The Supreme Court has ruled to legally allow President Trump’s Muslim travel ban to persist. “This is not about religion–this is about terror and keeping our country safe,” President Trump explained in January 2017 at the inception of the legislation.

 If the legislation has been crafted to fight terror, then the true threat of terror in the United States must be addressed: White Supremacy. The world, specifically the United States, is looking to eradicate radical Islamic terrorism, but what they seem to overlook is terrorism in their own homes. 

White supremacists are a bigger domestic threat to the United States than the Muslim foreigners or as we label them, the “radical Islamic terrorists” that President Trump has been working endlessly to ban.

According to the Oxford Dictionary, terrorism is defined as “the unlawful use of violence and intimidation, especially against civilians, in the pursuit of political aims.”

White supremacy is an extremist racial ideology that works to advance the belief that the white race is superior to other races, therefore declaring the national dominance of their race compared to other races. The actions, made in the name of the white supremacist ideology, are not only to suppress people of the non-white races but to strengthen and exert their power to advance themselves in society. 

Studies, specifically that of The Investigative Fund, echo the pattern and the statistic that 1% of U.S. domestic terror perpetrators came from one of the countries banned under Trump’s executive order (Iran, Libya, Somalia, Sudan, Syria, and Yemen). President Trump has failed to account for the threat that radical American right-wing violence plays in the undermining of American security.

The mere sight of an Arab or a Muslim creates concern or fear, but the sight of white supremacy fails to elicit national uproar and fear. Many continue to fear ISIS and other known terrorist groups and organizations but are blind to the real threat that white supremacists and those who utilize such an ideology pose in our country and our world today.
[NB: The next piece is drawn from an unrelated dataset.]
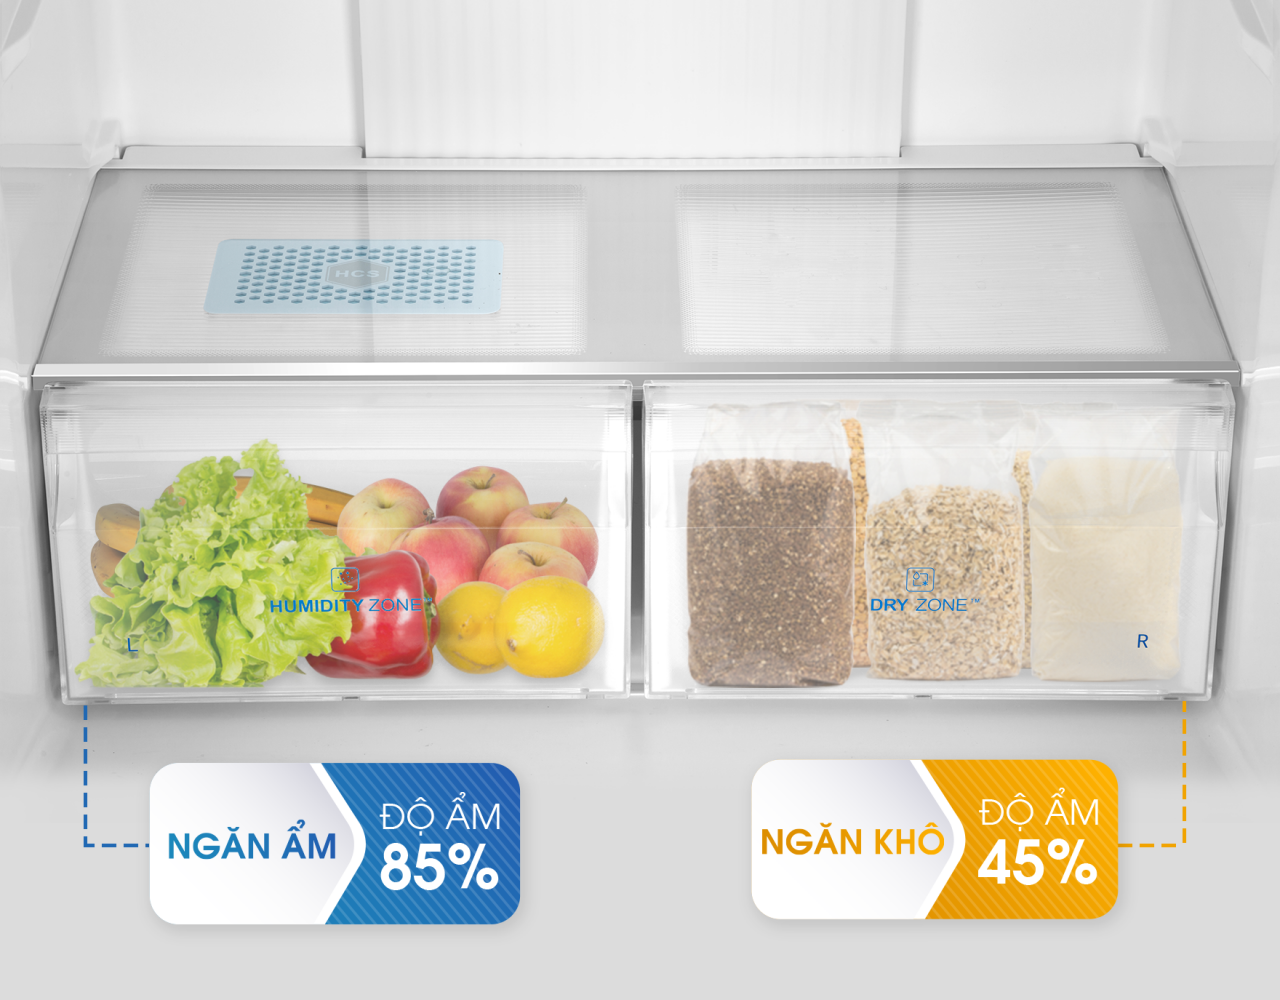 Tủ lạnh Aqua có tốt không Các công nghệ và tính năng nổi bật của tủ lạnh Aqua-khô và ẩm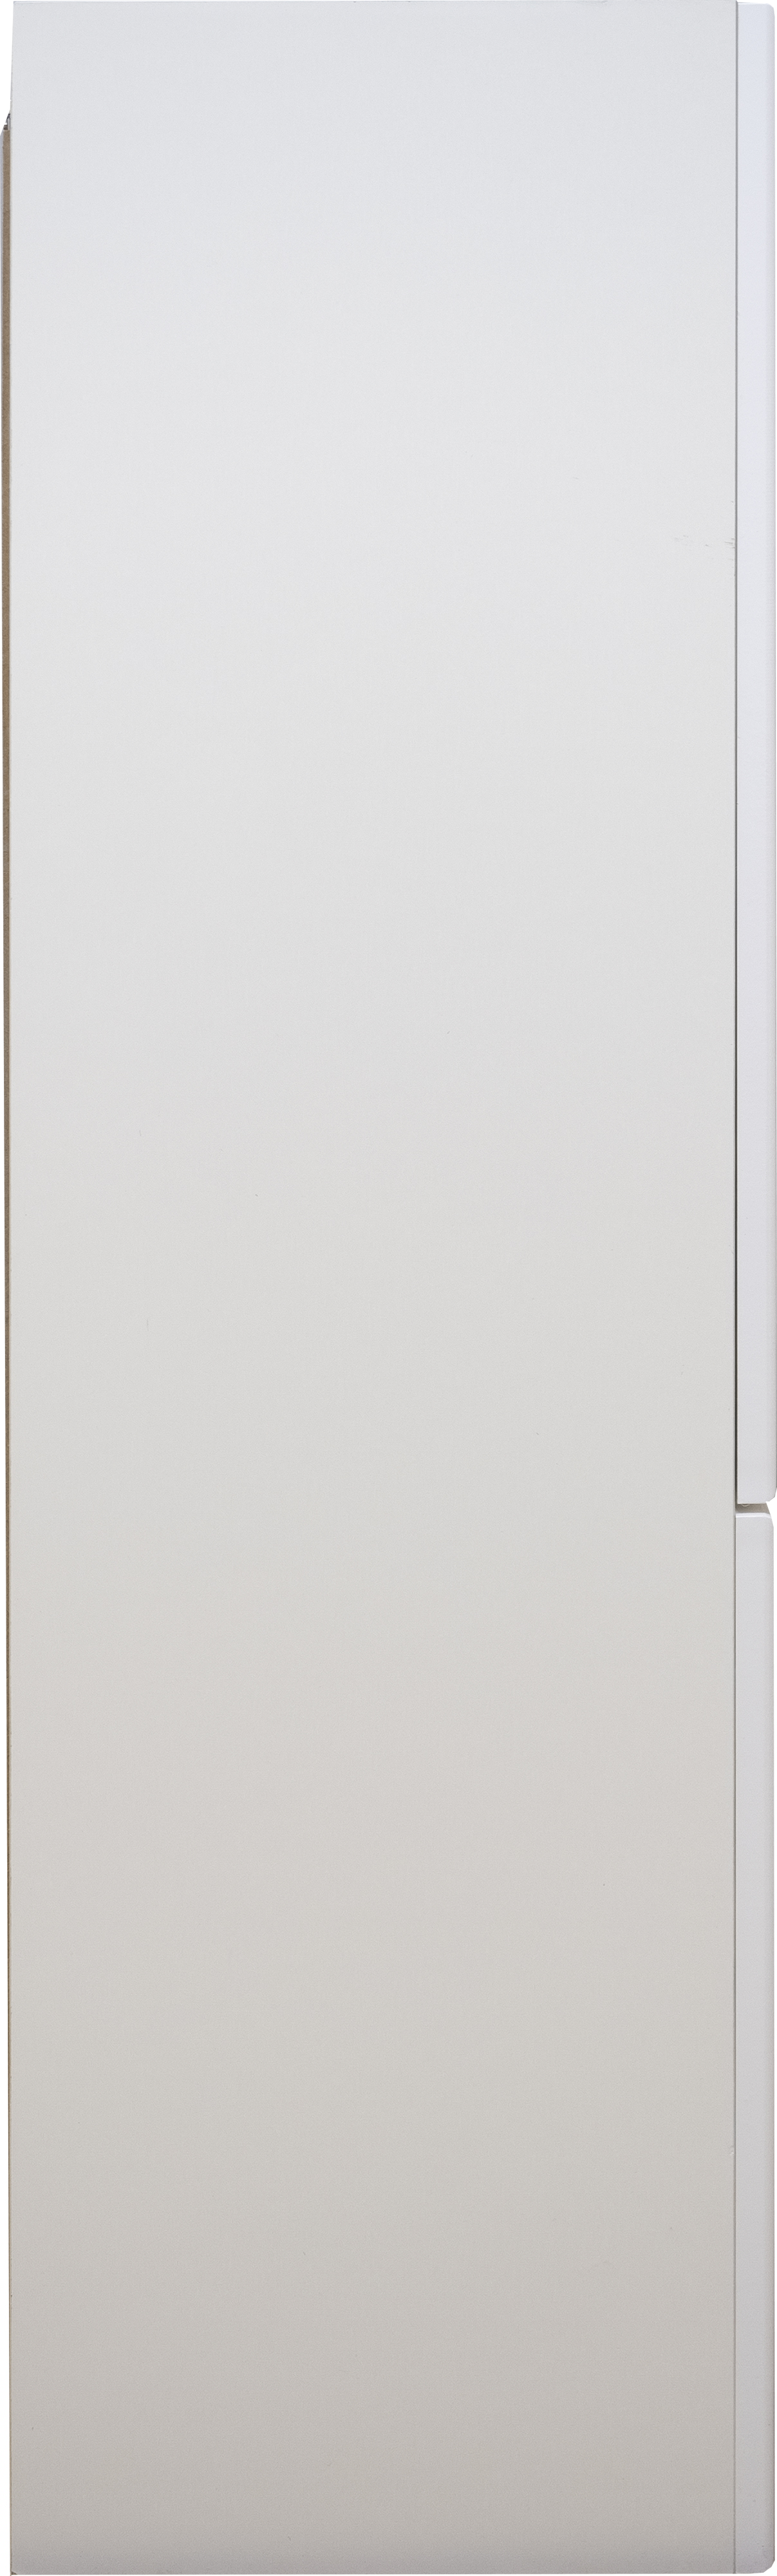 Шкаф DIWO Суздаль 60 над стиральной машиной, с бельевой корзиной СО-Су08060-01П1Я - 3

To implement their beliefs, white supremacists utilize violence to instill fear in order to promote their ideological agenda. This is the literal definition of terrorism. White Supremacists are a domestic terrorist group, but yet again, many individuals and news outlets have failed to label it for what it truly is: a terrorist group.

Organizations, such as the Ku Klux Klan, rallies, demonstrations, and riots that have been formed in the name of white supremacist sentiments have occurred throughout American history. The United States continuously fears ideological extremist groups in the Middle East like that of ISIS and Al Qaeda, but literally fails to acknowledge and condemn the domestic extremist racial terrorist group that has plagued our country for decades: believers of the white supremacy ideology. 

As a nation, we need to open our eyes to understand what is actually happening and who the actual threats are, as opposed to just reaching solutions and conclusions on the basis of generalizations. It is up to us to change the rhetoric in which we choose to think and speak. Changing this rhetoric only comes through truth, and to reach the truth we must ask ourselves this one question: who is actually more detrimental to America’s domestic safety: white supremacists or the many Arabs and Muslims who we continue to refer to as “radical Islamic terrorists”?